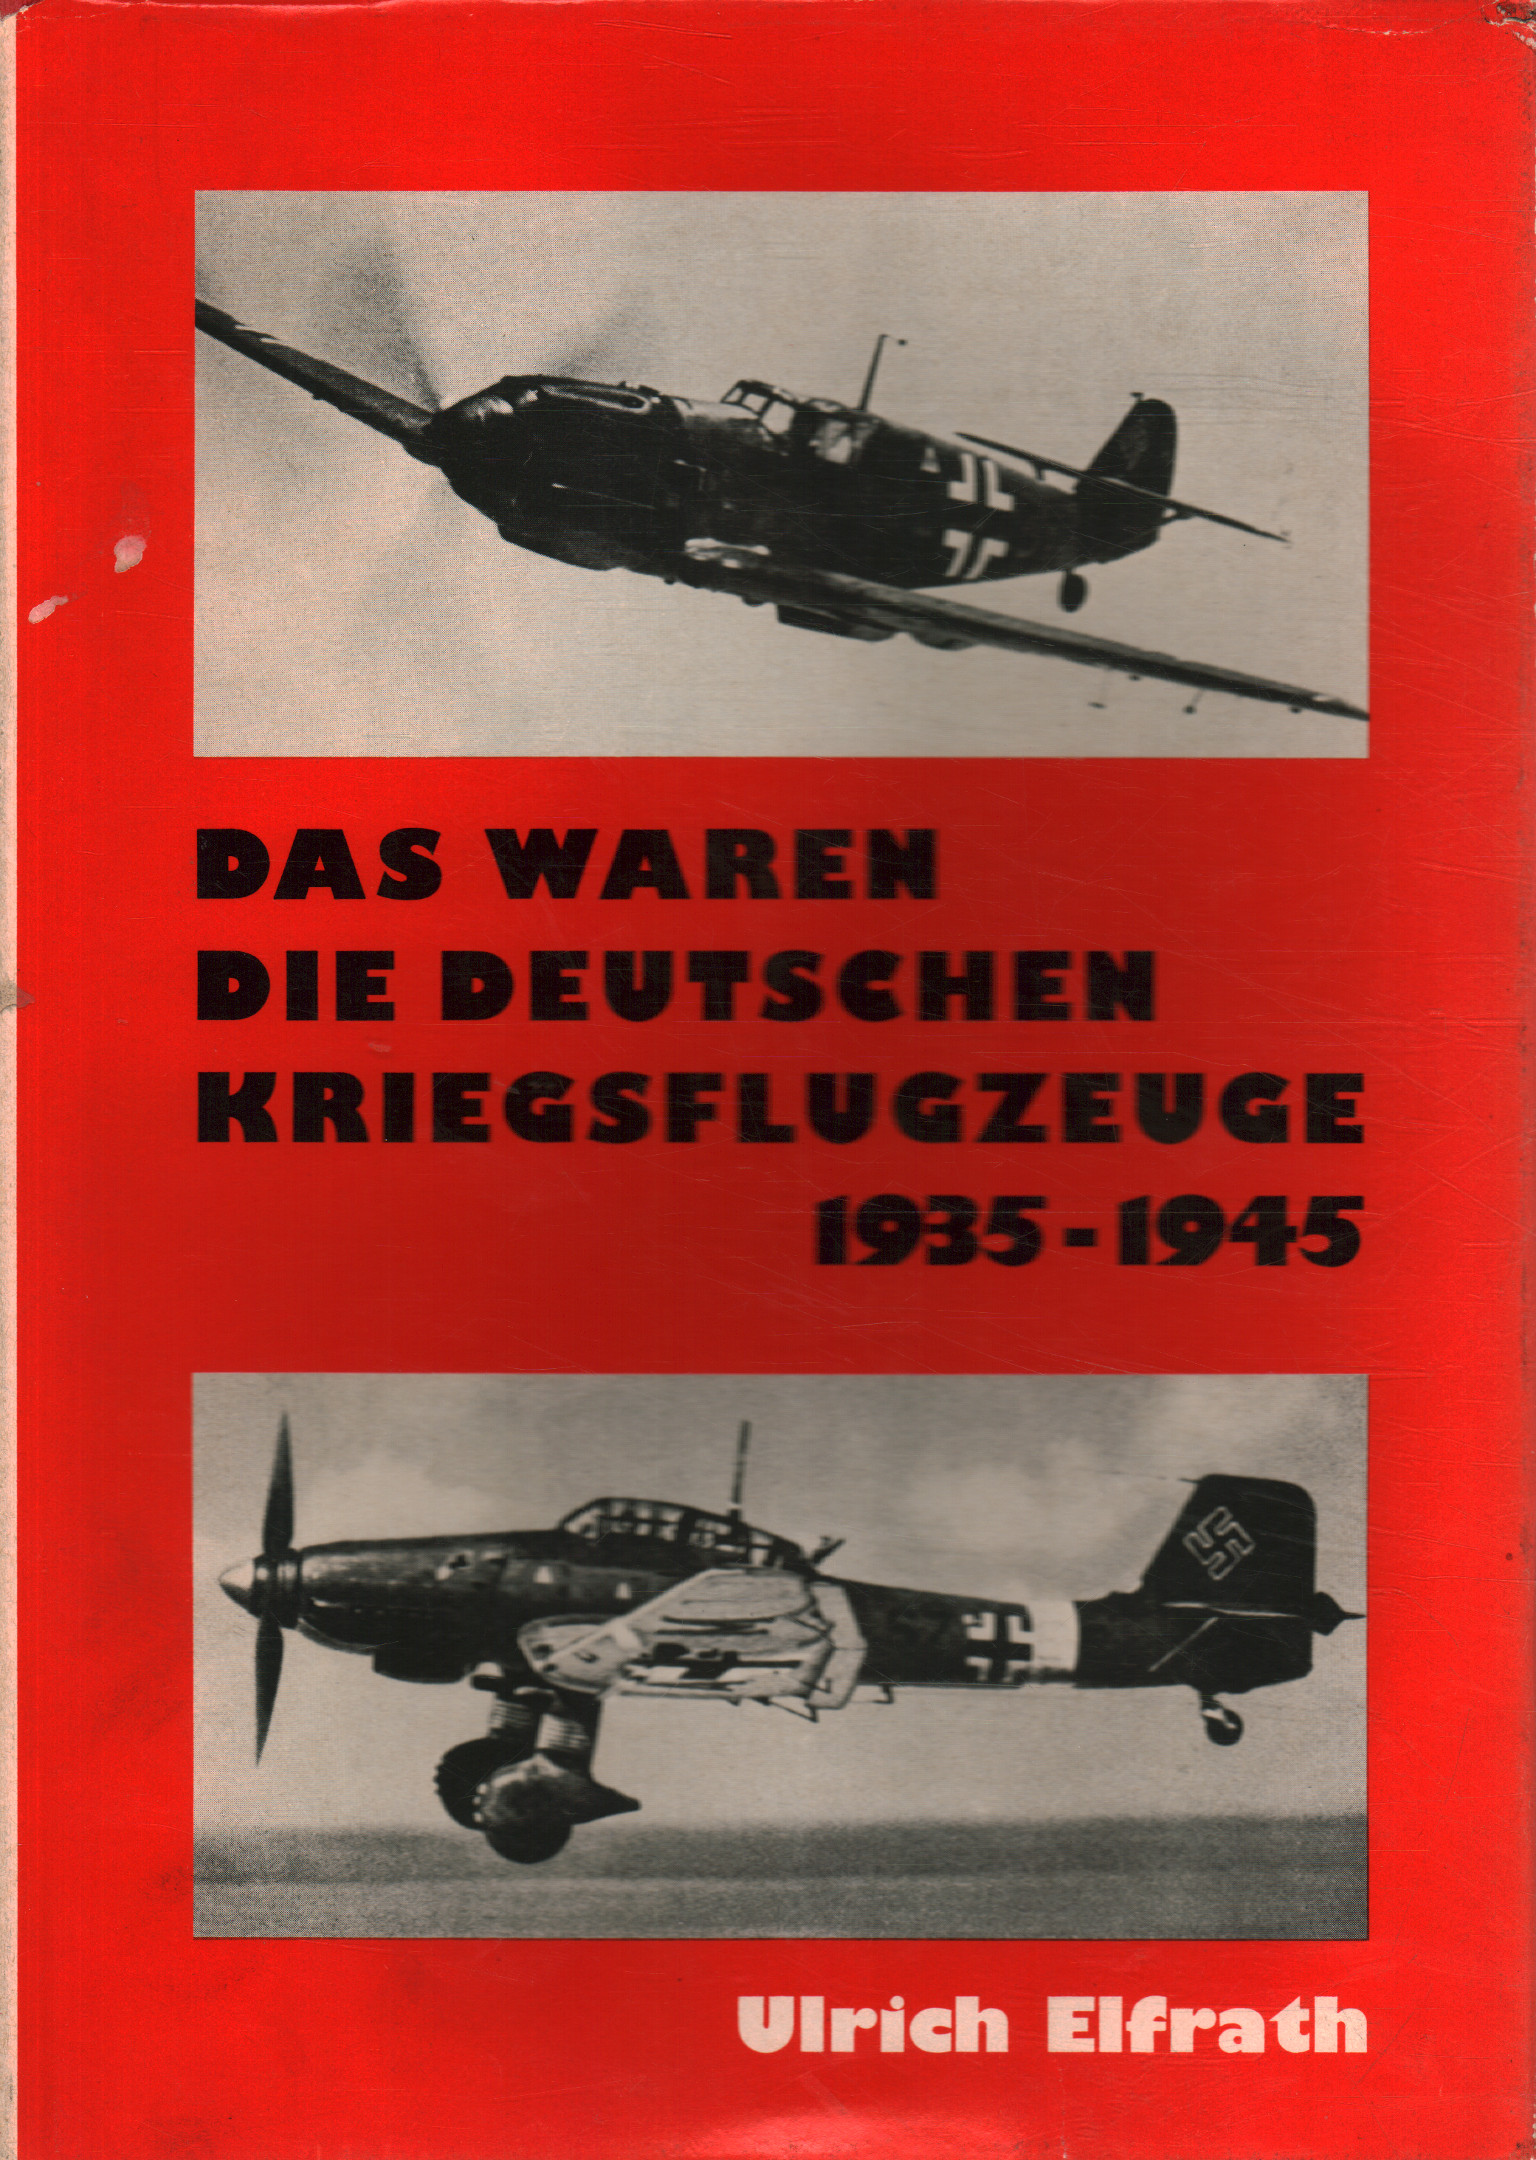 Das waren die deutschen Kriegsflugzeuge 1935-1945, Ulrich Elfrath
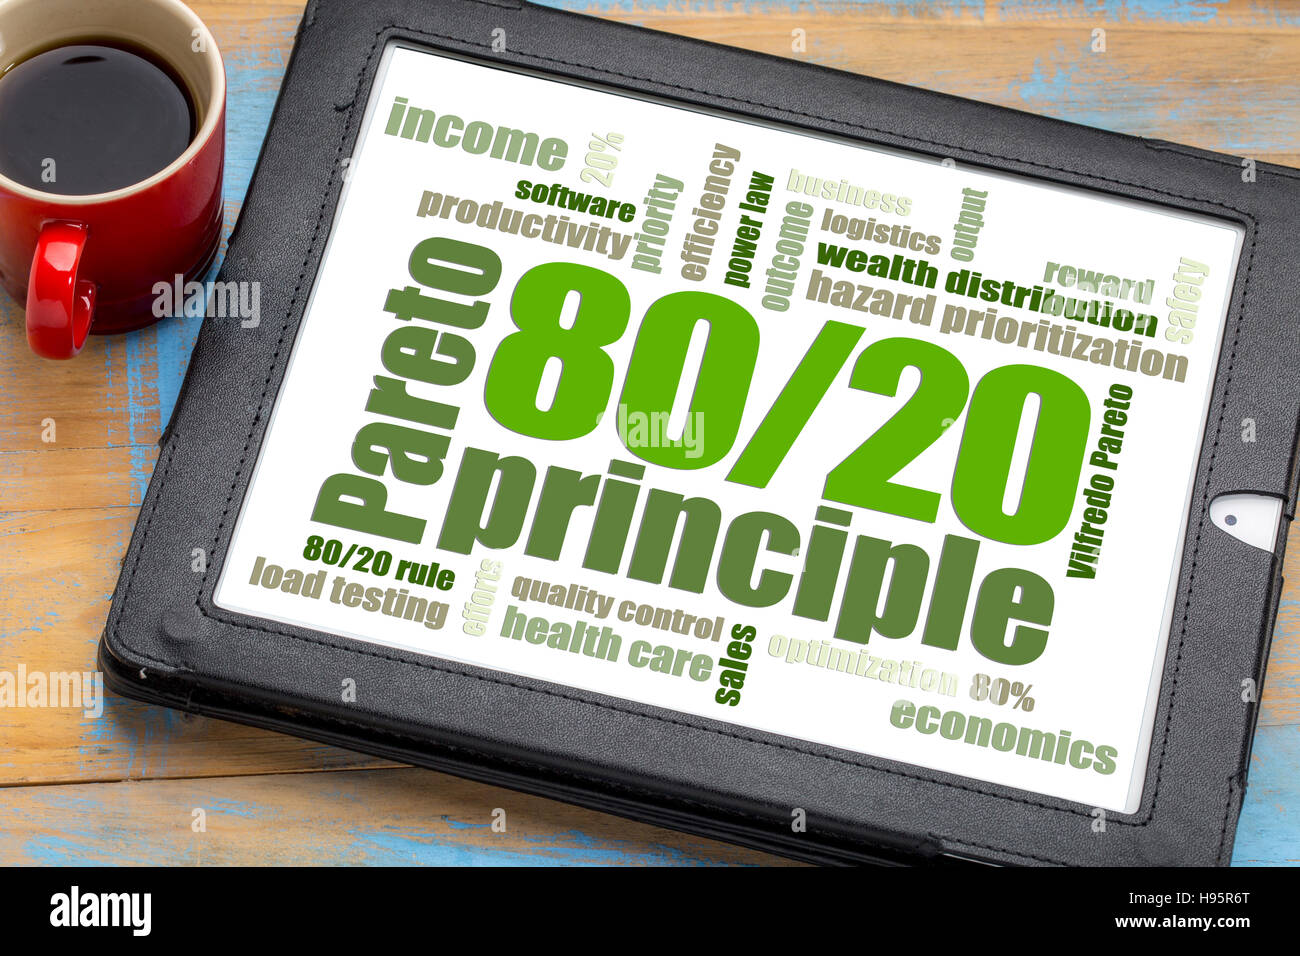 Principio de Pareto o regla 20 81 - la palabra nube en una tableta digital con una taza de café Foto de stock
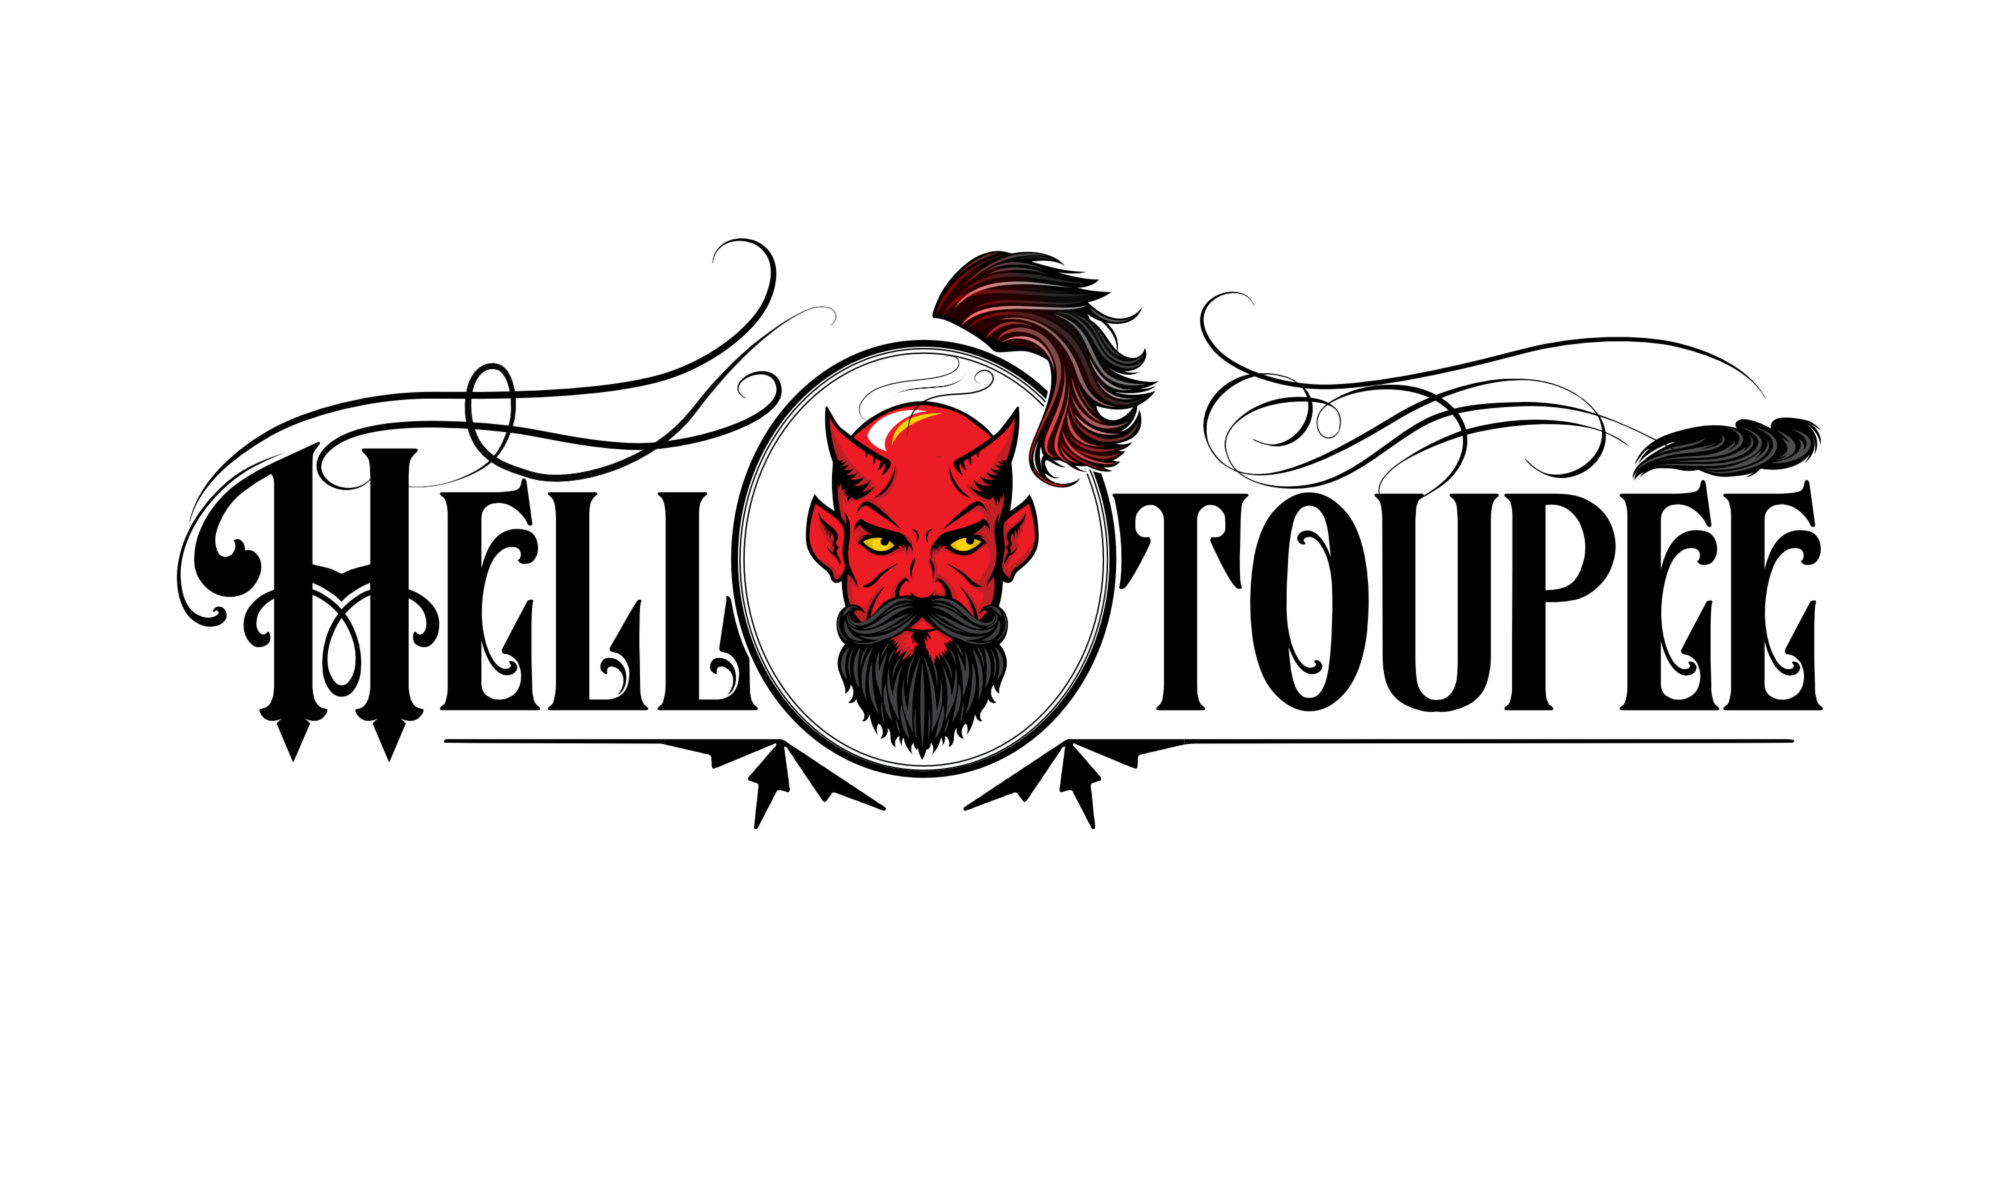 helltoupee.net

Goal of the exercise >> Without the pictures, output the full listing exactly as it stands.

Your response >>
 Das waren die deutschen Kriegsflugzeuge 1935-1945, Ulrich Elfrath
 Principio de Pareto o regla 20 81 - la palabra nube en una tableta digital con una taza de café Foto de stock
 helltoupee.net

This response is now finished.